Reproduce exactly the lines from the one containing "Den Selection by" through the end of the listing, minus the pictures.

• _Supplied data_:
______________________________
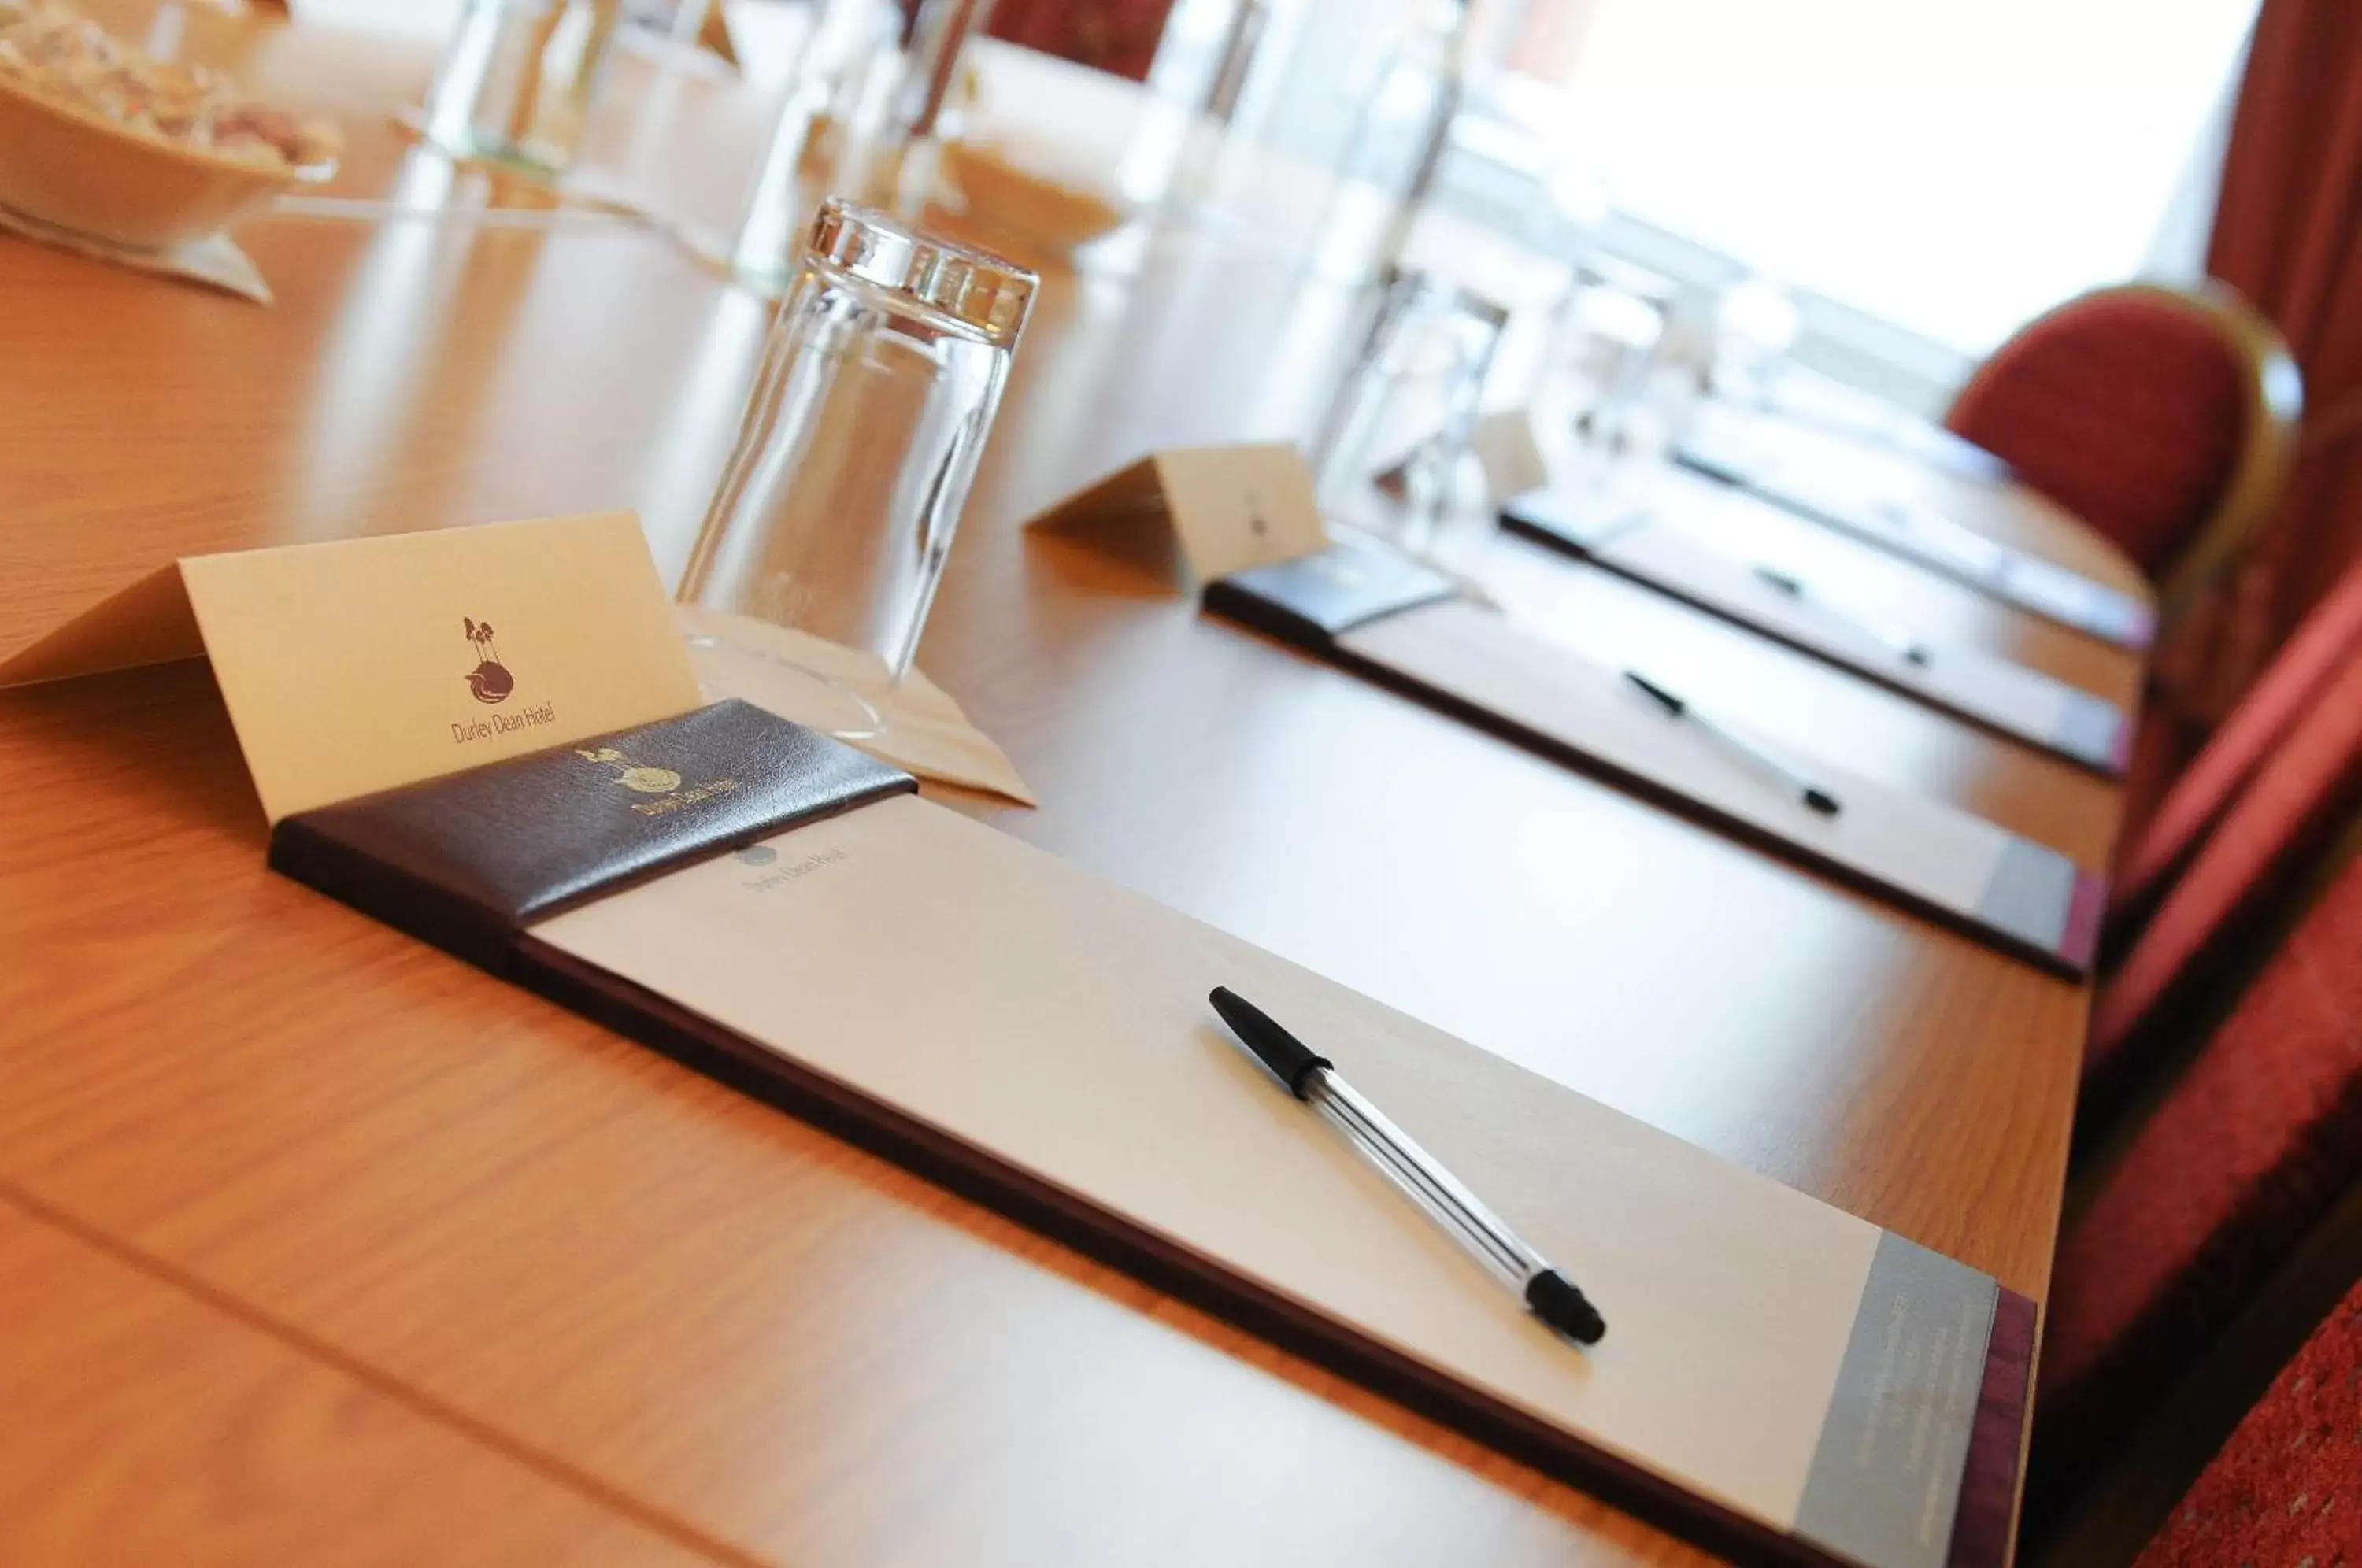 Business facilities in Durley Dean
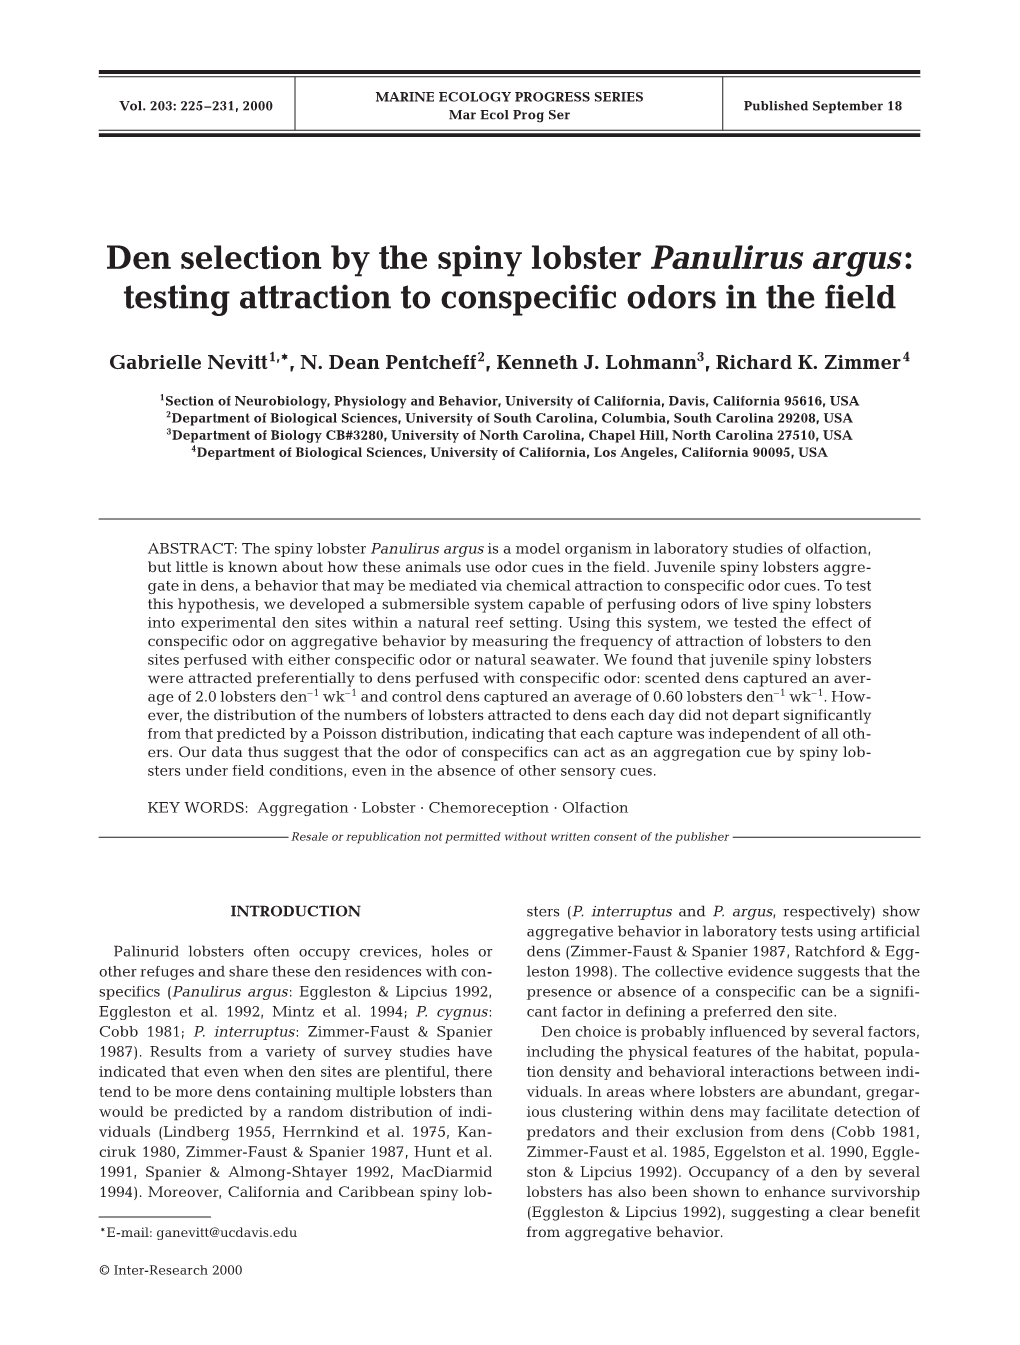 Den Selection by the Spiny Lobster Panulirus Argus: Testing Attraction to Conspecific Odors in the Field
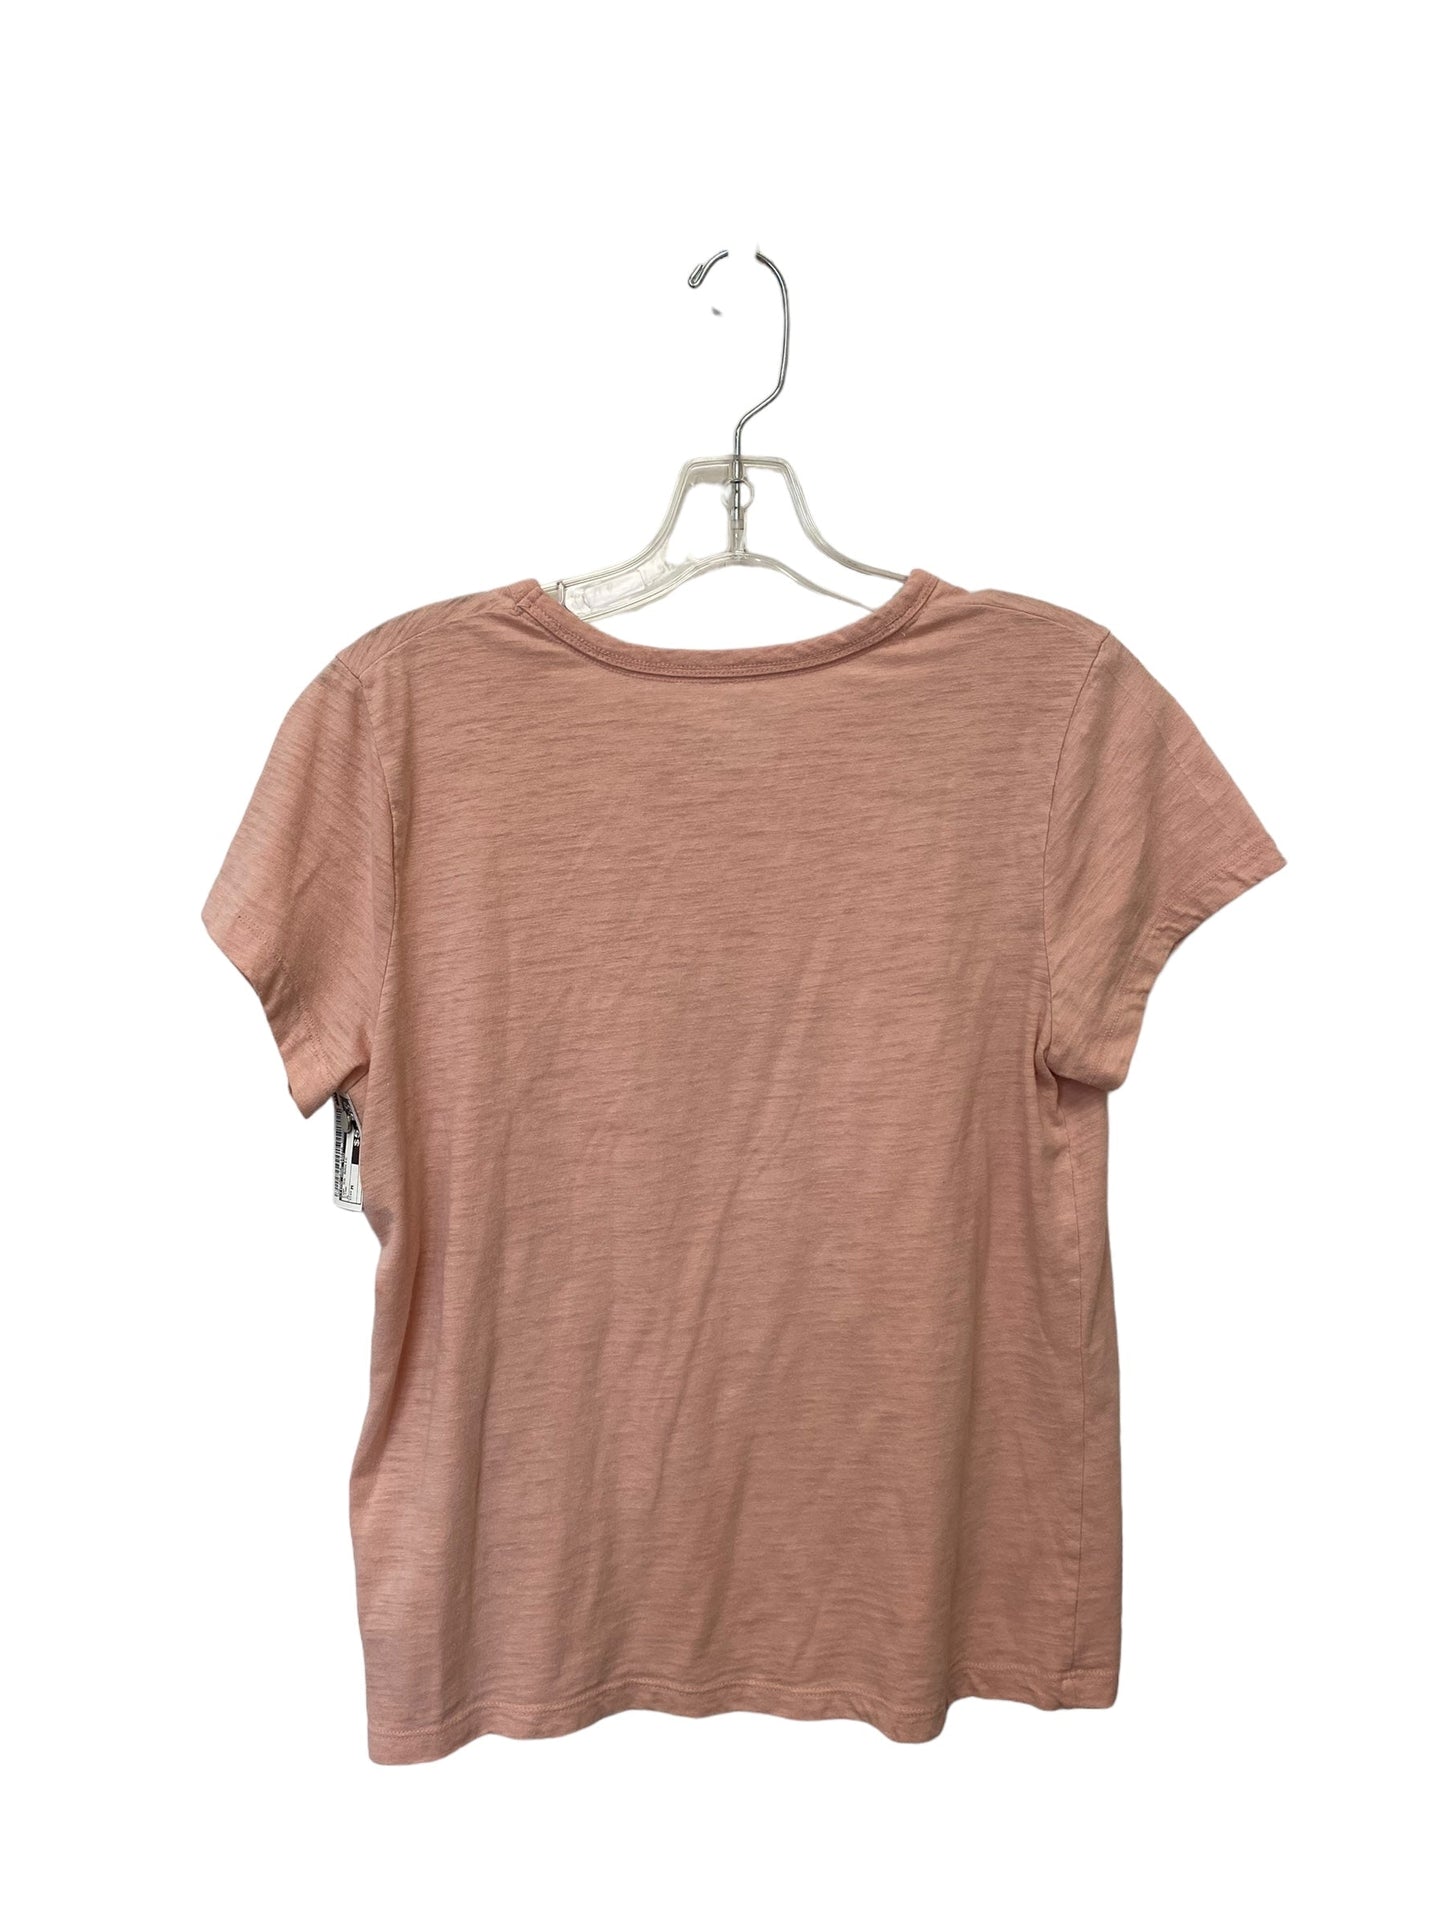 Pink Top Short Sleeve Basic Time And Tru, Size M
______________________________
• _Task response_:
 Den Selection by the Spiny Lobster Panulirus Argus: Testing Attraction to Conspecific Odors in the Field
 Pink Top Short Sleeve Basic Time And Tru, Size M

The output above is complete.